Karlsruhe/Rhein-Neckar, 03. März 2016. (red/ms) Ganze 60 Jahre ist es her, dass in der Bundesrepublik zuletzt eine Partei verboten wurde. Bald könnte es wieder so weit sein: Vor dem Bundesverfassungsgericht wird aktuell über ein Verbot der rechtsradikalen NPD verhandelt. Dabei sind Grundsatzdebatten unausweichlich – einen Präzedenzfall aus der jüngeren Vergangenheit gibt es nicht. Klar ist: Was für eine Partei gilt, muss für alle gelten. Welche Maßstäbe sollten also angesetzt werden?
Kommentar: Minh Schredle
Es ist ein historischer Prozess. Denn es geht um weit mehr als nur das Verbot einer politisch weitgehend unbedeutenden 1-Prozent-Partei. Am Bundesverfassungsgericht (BVG) ist in in diesen Tagen Großes im Gange: Eine Gretchenfrage der Demokratie soll beantwortet werden.
Es geht an die fundamentale Substanz
Das ist auch für die Richter selbst eine große Herausforderung. Das Parteiverbot sei ein scharfes und gleichzeitig zweischneidiges Schwert, erklärt Prof. Dr. Andreas Voßkuhle, der Präsident des BVG gleich zu Beginn des Verfahrens. Prof. Dr. Voßkuhle ist außerdem der Vorsitzende des Zweiten Senats, der das Verbotsverfahren gegen die NPD leitet. Er stellt klar:
Jedes Parteiverbotsverfahren stellt eine ernsthafte Bewährungsprobe für den freiheitlich demokratischen Verfassungsstaat dar.

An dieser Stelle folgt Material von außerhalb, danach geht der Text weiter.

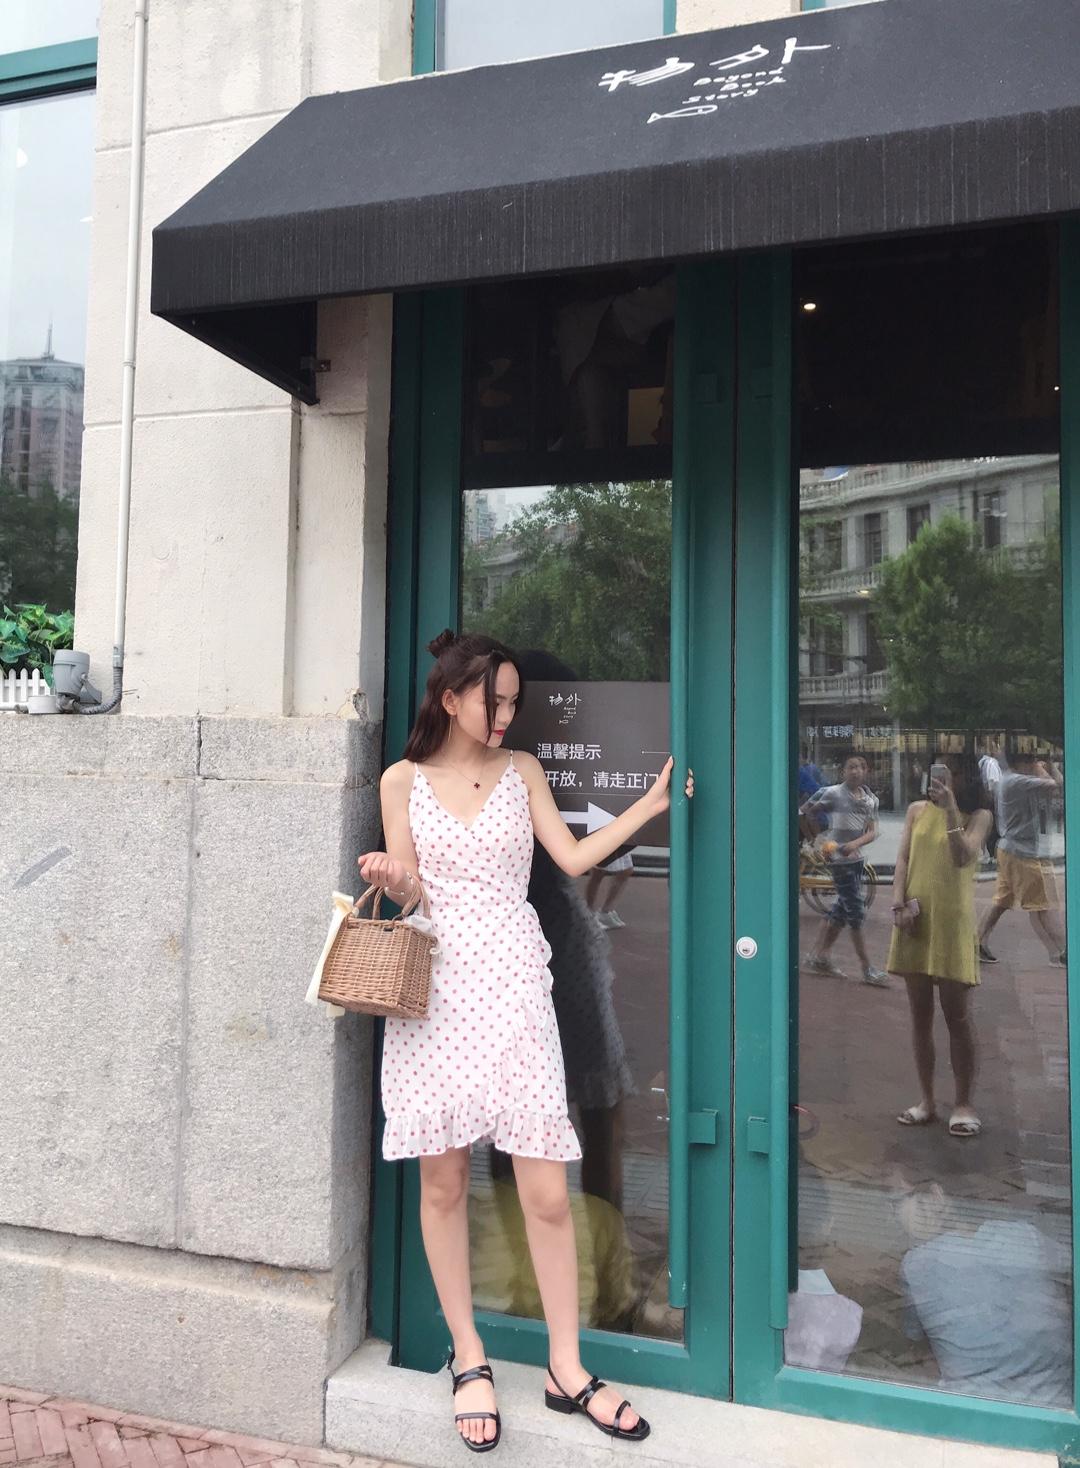 #美过姐妹的度假C位吊带裙# 身高:158 体重:80 吊带裙仙气满满~ 波点的配色也很简洁甜美 过膝的长度也很适合小个子女孩~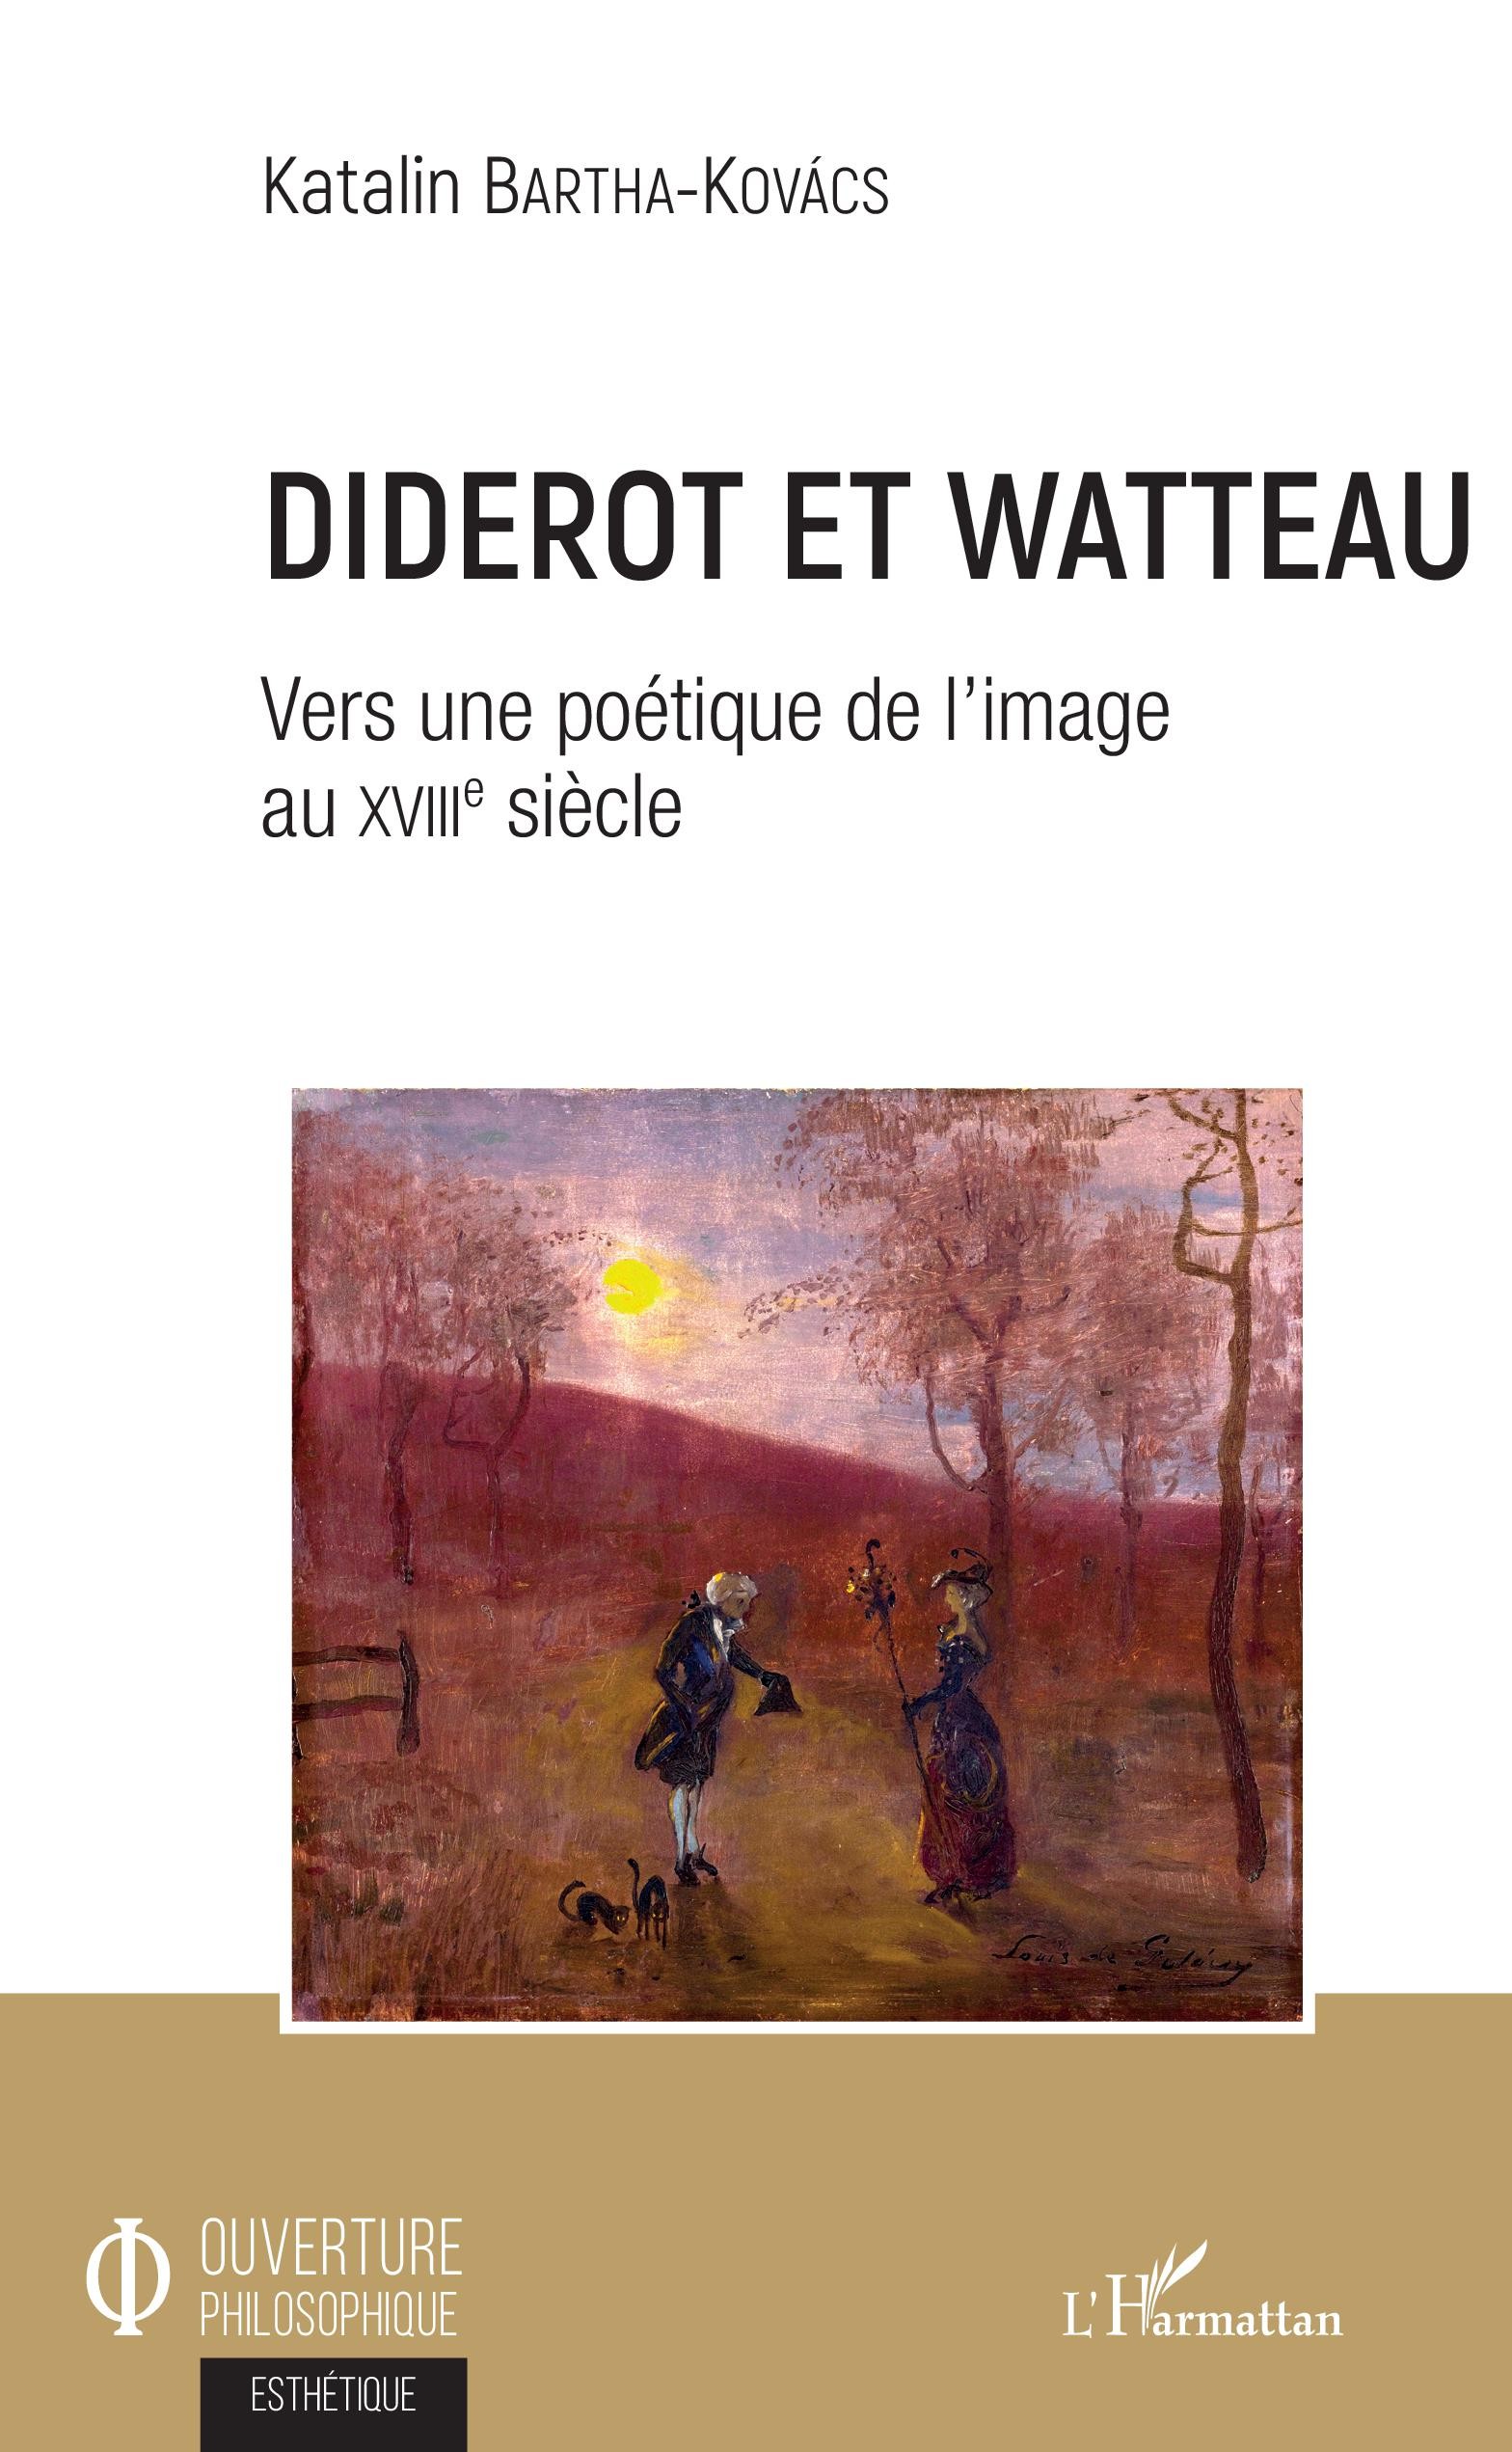 K. Bartha-Kovács, Diderot et Watteau - Vers une poétique de l'image au XVIIIe siècle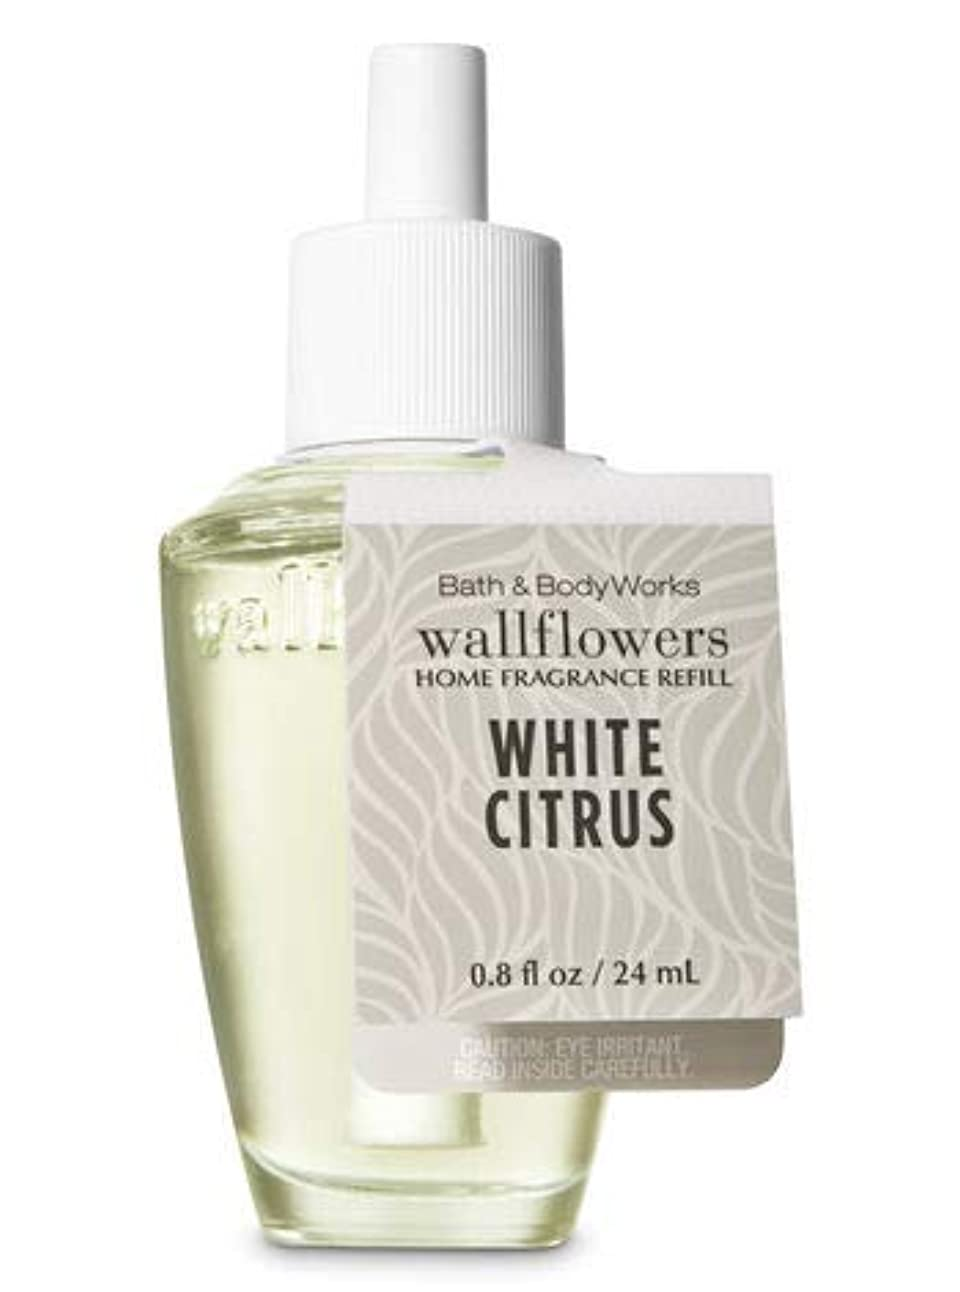 解釈的幽霊チャート【Bath&Body Works/バス&ボディワークス】 ルームフレグランス 詰替えリフィル ホワイトシトラス Wallflowers Home Fragrance Refill White Citrus [並行輸入品]

Die Aussage ist nicht einfach eine Phrase – denn es geht an die fundamentale Substanz der freiheitlich demokratischen Grundordnung. Es geht um nicht weniger als die Frage, wie man die Freiheiten der deutschen Demokratie zu verstehen hat – gemessen an ihren Grenzen.
Da sind Grundsatzdebatten unausweichlich: Nach dem Grundgesetz geht alle Staatsgewalt vom Volk aus, gleichzeitig ist dort das Grundrecht auf freie Meinungsäußerung verankert, die keiner staatlichen Zensur unterworfen werden darf. Kann es dann überhaupt demokratisch sein, eine Partei zu verbieten? Ist die Untersagung irgendeiner Weltanschauung vereinbar mit dem Grundrecht auf die freie Entfaltung der Persönlichkeit? Muss eine Demokratie nicht auch unliebsame Äußerungen aushalten können?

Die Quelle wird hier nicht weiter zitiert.